No Facebook, tudo é simultâneo. A imagem da montanha aparece entre um vídeo de receita e uma discussão política. O tempo da contemplação é atropelado pelo tempo da atualização. E, no entanto, há algo de profundamente humano nesse impulso de compartilhar. Talvez, ao postar a “Montanha Grávida”, alguém esteja tentando dizer: “olhem, ainda há beleza”.
Mas será que olhamos? Ou apenas passamos os olhos? A montanha pede pausa. O bebê pede silêncio. E o Facebook, com sua pressa, raramente concede isso.
A crônica da escultura é também a crônica da nossa relação com o mundo. Monsalve enfrentou sol, chuva e vento para dar forma à vida. Nós enfrentamos notificações, bolhas de opinião e desinformação. Ele esculpiu com pedra. Nós esculpimos com cliques.

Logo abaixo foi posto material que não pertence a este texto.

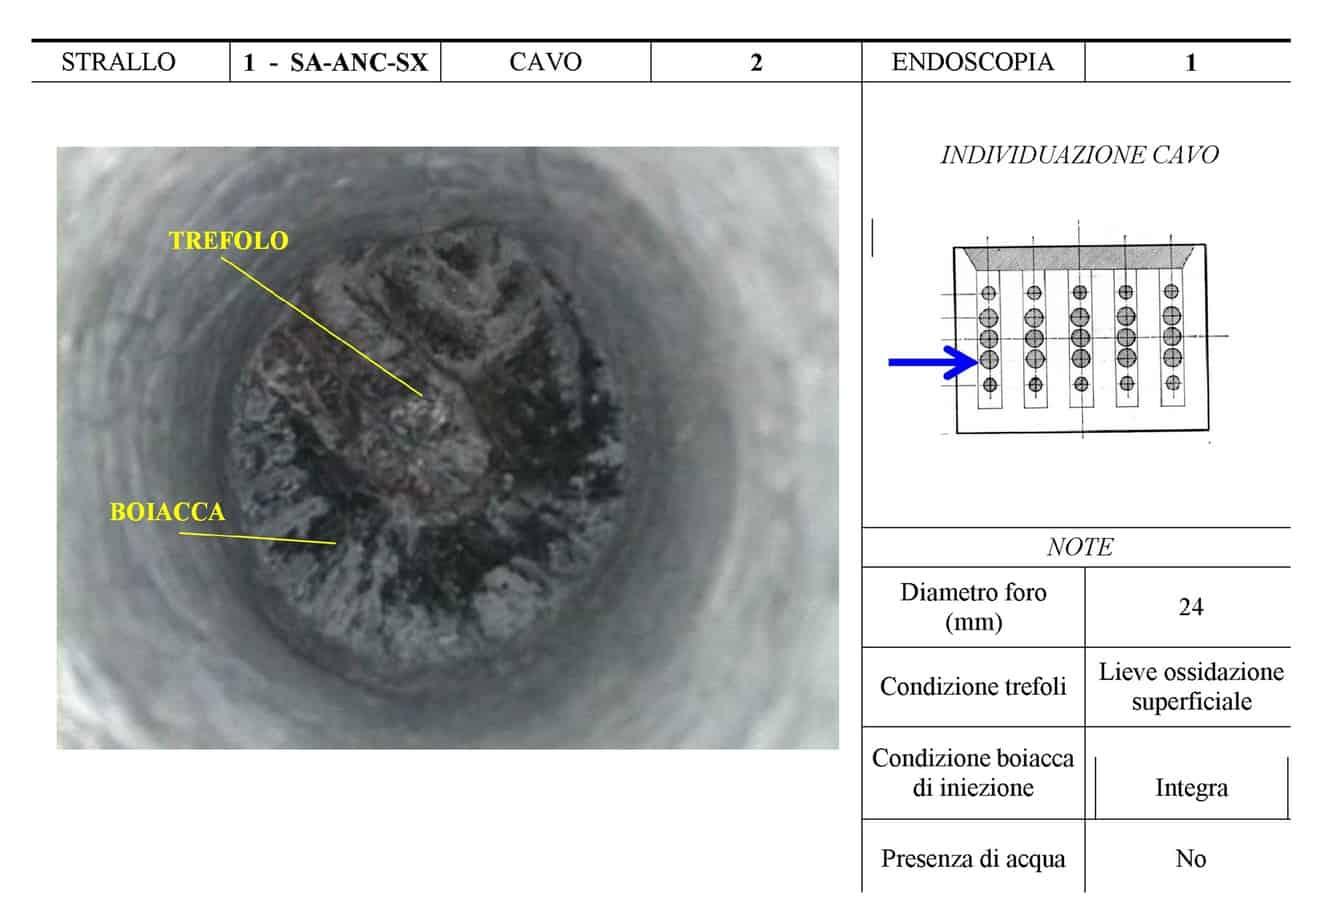 La prospezione endoscopica

E talvez seja esse o desafio: transformar o consumo de informação em contemplação. Fazer do Facebook não apenas um espelho, mas uma janela. Uma janela para ver a montanha, sentir o ventre da terra, entender que há histórias que não cabem em um post — mas que merecem ser contadas, compartilhadas e, acima de tudo, vividas.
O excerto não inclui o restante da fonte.